= Frederico Curvelo =

Portuguese sprinter (born 1997)

Frederico Curvelo (born 11 July 1997) is a Portuguese sprinter who specializes in the 100 and 200 metres.

==Individual==
He hails from Lousã. He studied physiotherapy in Leiria.
Curvelo finished second at the 2018 Mediterranean U23 Championships (100 m).

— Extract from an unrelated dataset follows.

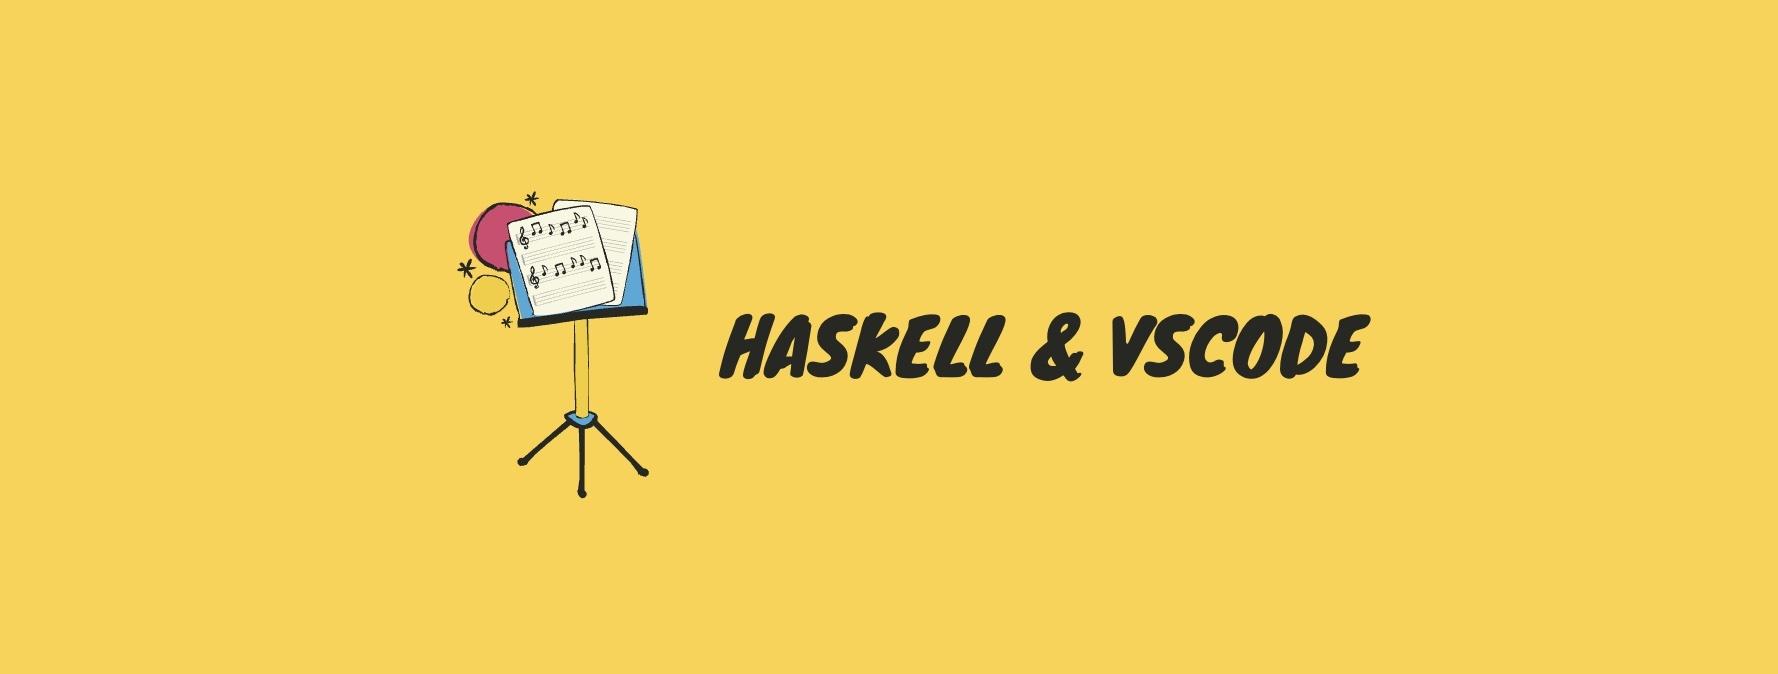 VSCode 集成 Haskell 环境

He also competed at the 2019 European U23 Championships (100 m and 200 m) without reaching the final.

He became Portuguese 200 metres champion in 2018 (indoor) and 2020, as well as Portuguese 60 metres champion in 2019.

His personal best times are 10.18 in the 100 metres, achieved in June 2022 in Lisbon; and 21.21 seconds in the 200 metres, achieved in April 2021 in Lisbon.

==Relay==
In the 4 × 100 metres relay, Curvelo finished eighth at the 2018 European Championships and fourth at the 2024 Ibero-American Championships. He also competed in this event at the 2015 European Junior Championships, the 2016 World U20 Championships, the 2019 European U23 Championships and the 2021 World Athletics Relays without reaching the final. In the rarely contested 4 × 200 metres relay, he finished third at the 2021 World Athletics Relays.